Without greater support and engagement from insurers, consumers will continue to face underinsurance at the point of claim, and preventable risks like water damage will go unchecked. In parallel, rising churn rates are nearing a tipping point, and will push insurers to rethink coverage delivery and customer engagement.
Imperative: Home insurance should be viewed as a gateway product. Securing a customer's home should mark a pivotal relationship moment, unlocking opportunities for both customer loyalty and insurer value. The future lies in active insurance - a data-driven relationship that delivers value through hyper-personalized advice and smart cross-selling.
Auto insurance pricing should begin to stabilize, with potential reductions as inflationary pressures ease.
At the same time, the ongoing challenge of long-term viability will drive renewed focus on what a truly transformed car insurance product looks like. We believe the future lies in solutions that are risk-mitigating, embedded, and adaptive, particularly for multi-use scenarios.
Imperative: 2025 should see a strong emphasis on enhancing the customer experience and developing data-fluid ecosystems that streamline the entire process, from quote to claim. Thus making it more efficient, customer-friendly, and geared towards self-service.
(These responses were shared with other publications)
Casey Kempton, president of Nationwide Personal Lines
Consumer adoption of technologies that leverage IoT and AI will continue to rise: For insurance carriers, this presents an opportunity to provide real-time monitoring of conditions in the home that could lead to property loss ranging from minor incidents to severe water damage or electrical issues. Nationwide is leaning into partnerships with smart home device vendors: Resideo, Leakbot, Phyn and Ting. Having these solutions benefits both the customer and insurer, as they help deliver peace of mind, provide prevention capabilities, reduce claims costs and offer financial benefits.
Data from smart home devices will enable insurers to manage risks proactively. Sensors detecting water leaks, smoke or electrical issues can allow immediate intervention, preventing minor issues from becoming major claims.
Insurers will develop tailored coverage options to reflect the specific needs and risks and smart home devices will become a component of offerings, enhancing customer satisfaction and ensuring more comprehensive protection.
The expansion of telematics in auto insurance will give drivers greater control over their premiums through usage-based insurance (UBI) programs. Monitoring driving behavior will provide personalized feedback and rewards for safe driving. Nationwide's telematics program empowers drivers to control their auto insurance premiums through UBI. The program monitors driving habits like speed and braking, offering personalized feedback to enhance safety. Safe drivers can earn discounts and rewards, making their insurance more affordable. We also offer solutions for low mileage customers. Telematics promotes safe driving and can provide financial benefits to policyholders.

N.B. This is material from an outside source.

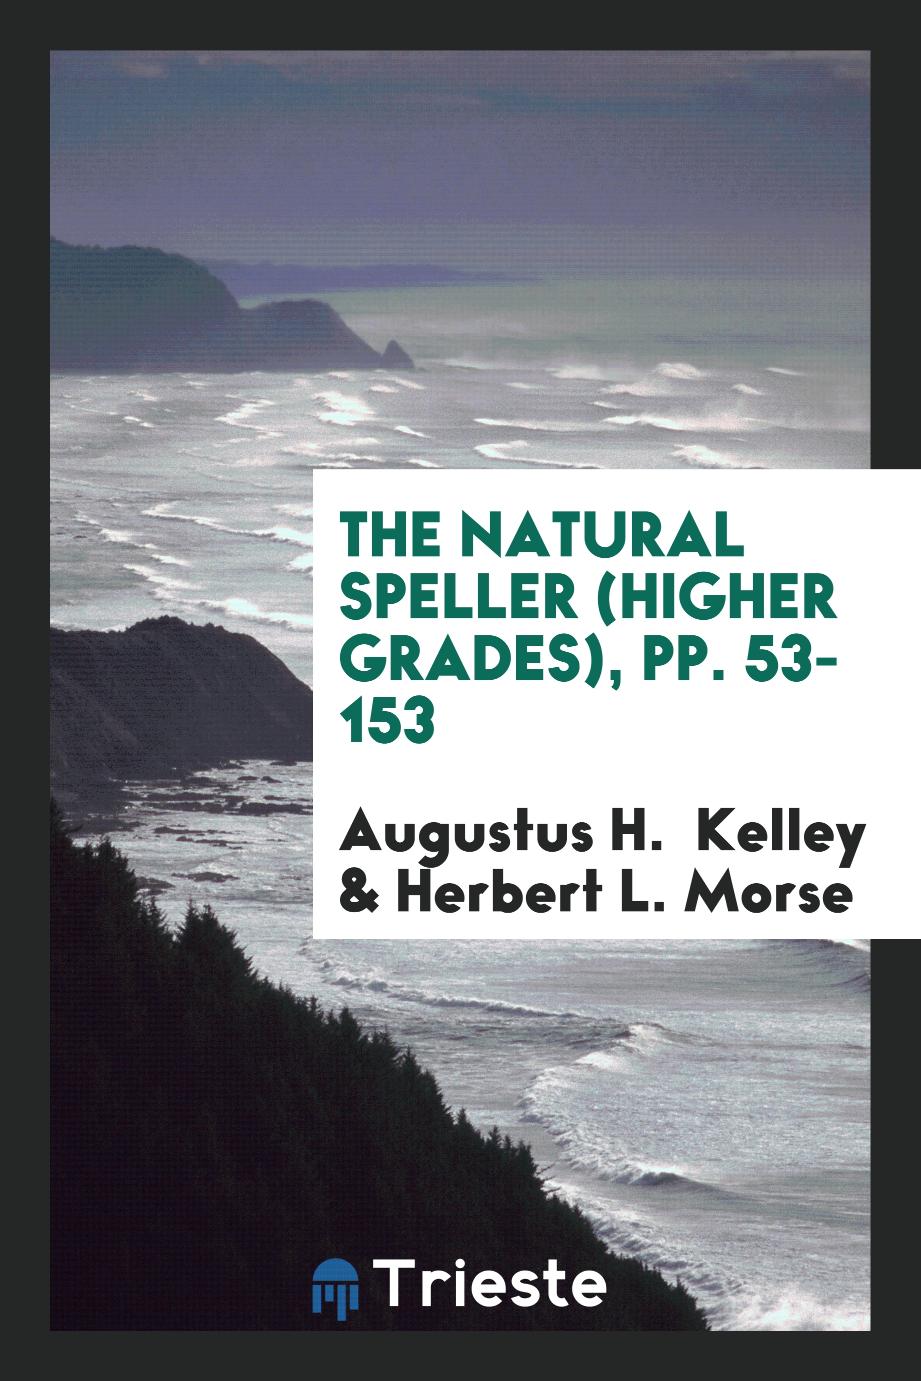 The Natural Speller (Higher Grades), pp. 53-153
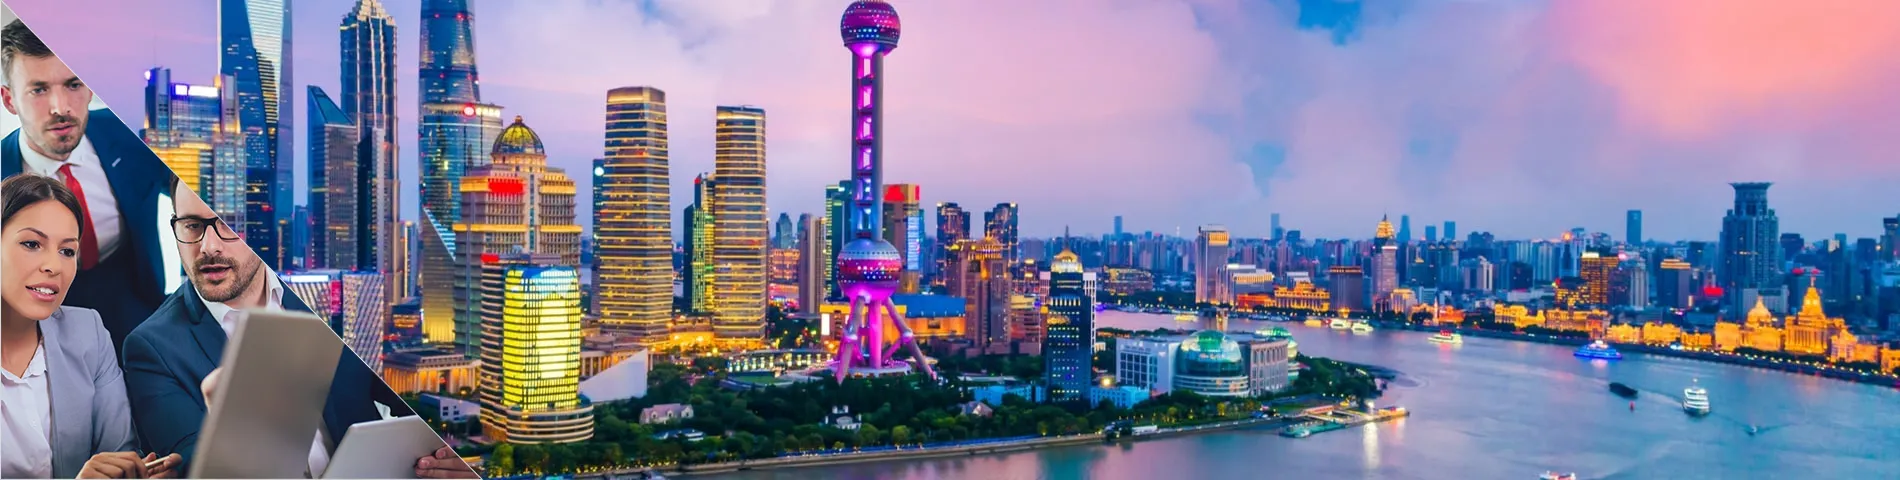 Šanghaj - Štandard a biznis - kombinovaná skupina

Ensuring data privacy and security will be paramount. Insurers will continue to invest in robust cybersecurity measures and maintain transparent communication about data usage to build customer trust. Nationwide Insurance prioritizes data privacy and security by using encryption, identity verification and secure access methods to protect customer information. They collect data to improve services and allow customers to limit information sharing for marketing.